Following the ravages of World War II, the Nuremberg Tribunal was

created to put the world on notice that the international community would not allow such atrocities to go unpunished. Hence the phrase, "Never again." Yet, "again" and "again" such barbarity comes back to haunt us. Without a firm renewal of the commitment to the important principles underlying the work of the Tribunal, those who would slay innocents make a mockery of our pledge, "Never again." This century has been the bloodiest in human history.

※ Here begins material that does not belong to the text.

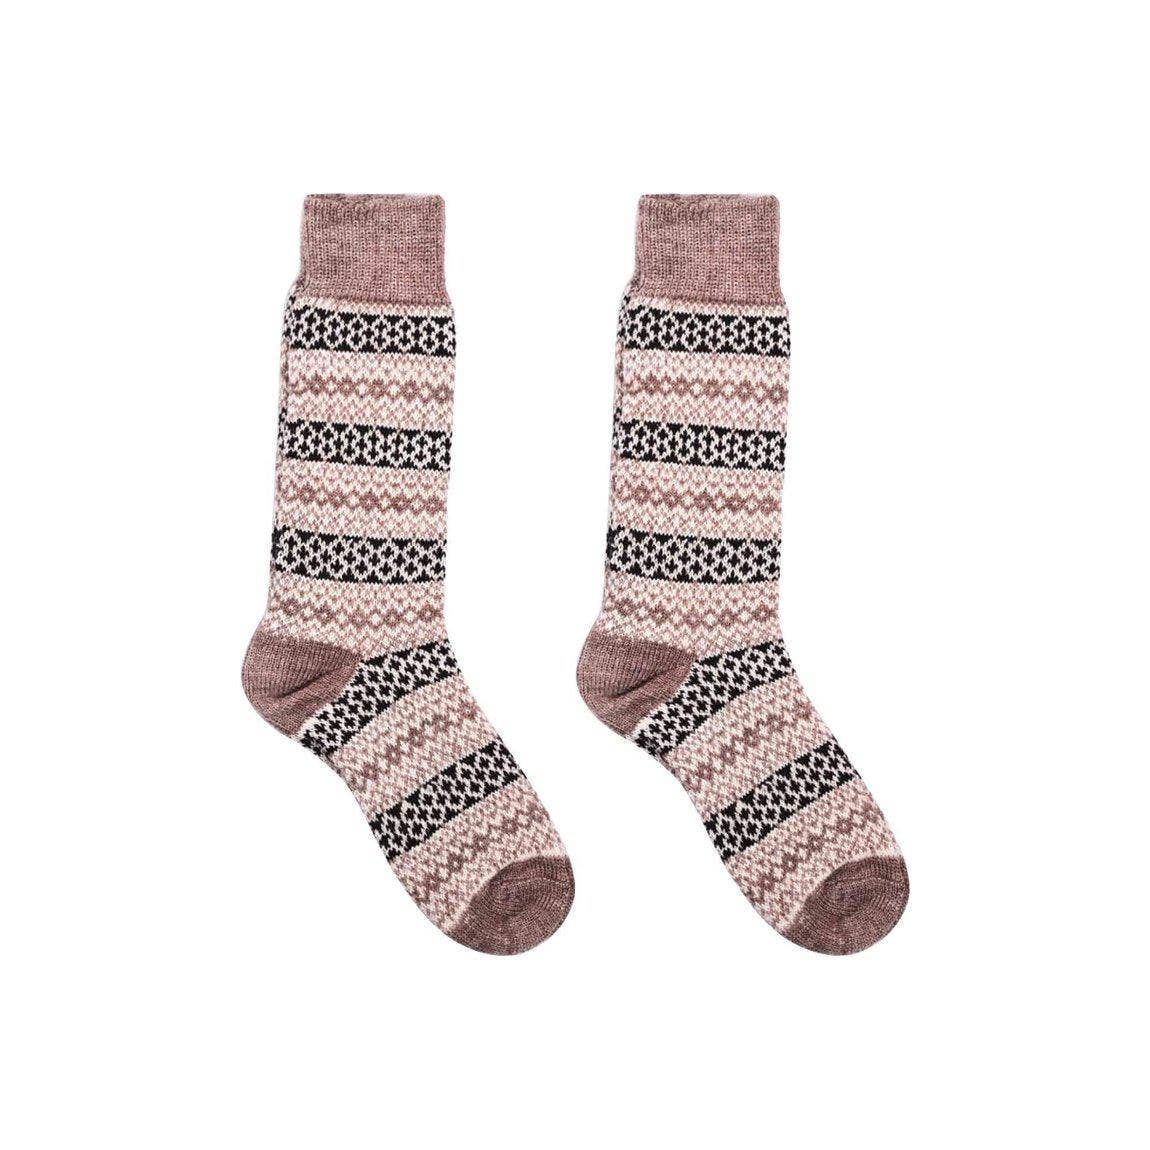 Nordic Socks Merino Wool in PERFORM™ – Cinnamon

Sadly, the world community has been schizophrenic in its response. Despite the Universal Declaration of Human Rights, the adoption of the Genocide Convention, and numerous treaties proscribing such unlawful acts, international and non-international conflicts, where the targets are innocent civilians, have occurred with alarming frequency and ferocity. We cannot stand by while such atrocities are committed. For if we do, surely, we are as guilty as the perpetrators. The heinous crimes committed by the Nazi regime were allowed to happen because many bystanders looked the other way. They knew what was happening, but they feigned ignorance. They did not want to know. It was easier and safer for them not to know. They knew and they did nothing. Erwin Straub, the author of The Roots of Evil writes that a real danger of all Human Rights violations is not the perpetrator, but the bystander--because he knows and does nothing. The international community must demonstrate, not merely with words, but with deeds, its renewed commitment to transform these instruments prescribing international norms into effective tools of deterrence. It is worse to condemn behaviour and then tolerate it than to not condemn it at all. Not only is this an exercise in hypocrisy, but the effect is to render these instruments nothing more than aspirational statements--nothing more than "paper tigers."